One other thing that the Showmen’s museum archives might hold is more information about human racers and some of the fair-oriented racing circuits that were popular in the early decades of the last century; which brings us back to the “other interesting stuff” comment I made above in relation to the 1916 article about the Louisiana State Fair.

Hummm.  A “woman driver of fame” in 1916?  One who was obviously on some kind of show/racing (kind of the same thing in 1916) circuit that carried her from IL to LA and who knows where else?  Why didn’t I know about this?  Well, it turns out that info on Ora Holben is pretty scant, but it seems like that shouldn’t be the case.  So, let me toss out what I’ve learned about the “half mile dirt track woman champion of the world” from over 100 years ago.  Maybe other CC readers will know more and we can populate the Googles (that’s a thing, right?) with enough info to satisfy other monkey hole divers in the future.

Ottawa (IL) Herald, October 10, 1916

 

The mention that Ora “owns and operates” her own garage is fascinating to me.  A bit of digging in the Springfield, IL city register finds Ora listed as a “stenographer” (aka secretary or administrative assistant in our modern parlance) for a local advertising company in 1915. Maybe she operated the garage as a side gig.  Maybe it was just a bit of media hype for her career on the dirt track racing circuit.

More information on Ora is found in a single article on a site devoted to Sangamon County IL history.  Here it’s mentioned that she ultimately married and went by the name Ora DeLaugauldt.  This article talks about her activities as one of Springfield’s “Good Will Girls”, and in particular the car caravans that this group organized (seemingly under Ora’s oversight) to promote Springfield businesses to the neighboring area.  Given what we know about her work in advertising and her interest in cars, this seems like a natural match.

Ora is thought to be the third person from the left.

 

I want to know more about Ora’s racing career.
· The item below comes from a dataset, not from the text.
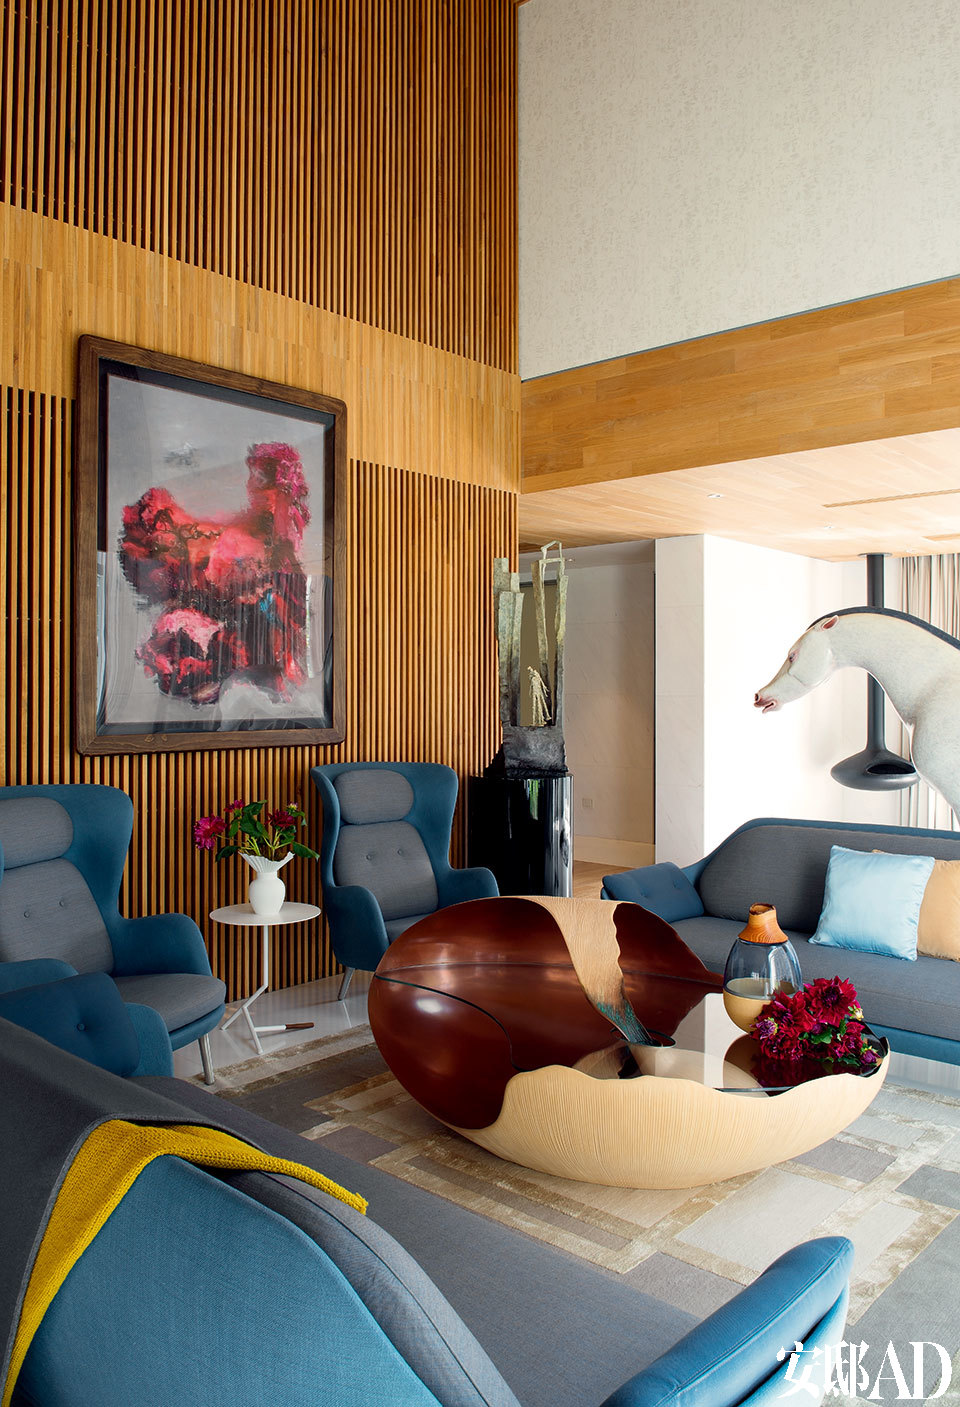 木格栅是贯穿整个家的主题，温暖着大空间，也调节着小视线。客厅的沙发区，沙发与两只扶手椅均为Publicof Fritz Hansen品牌，购自设计共和，Mollusque艺术茶几由Marc Fish设计，在铸好的铜模上贴了上千片梧桐木皮制成。地毯来自The Rug Company，木格栅上的画作是周春芽的“石头”系列，创作于1999年。画作右侧的青铜雕塑来自法国女艺术家瓦儿（Val），画作下方的白色茶几由Brad Ascalon设计，同样来自Ligne Roset写意空间。

There must be some good stories, hopefully not entirely lost, about what it was like to be a female itinerant dirt track racer 106 years ago. Unfortunately the trail on Ora’s racing career goes cold after that mention of her being on the same bill as the Monkey Speedway. What we do know is that she lived until 1964 (reaching the age of 77) and during the later 1920s, as Ora DeLaugauldt, she’s listed in city directories as being a secretary for some place called the American Magnetstone Corporation…a company that made stucco and which went bankrupt at the start of the Great Depression. There seems to be nothing else to say about her racing career.

Maybe researching Ora Holben DeLaugauldt can be your end of summer, prior to starting the new school year, project. I think we’d all benefit from knowing more about her.

As you hit the road for perhaps one last trip of the summer, look out for the crazy drivers and rabbit holes, and appreciate all that has come before you as well as that which will come after. And just know “that which will come after” does not include a repopularization of the Monkey Speedway.

Yeah guys, I wouldn’t be happy about the freakin’ scary clown either.

 

That last bit is at least something you can almost certainly count upon.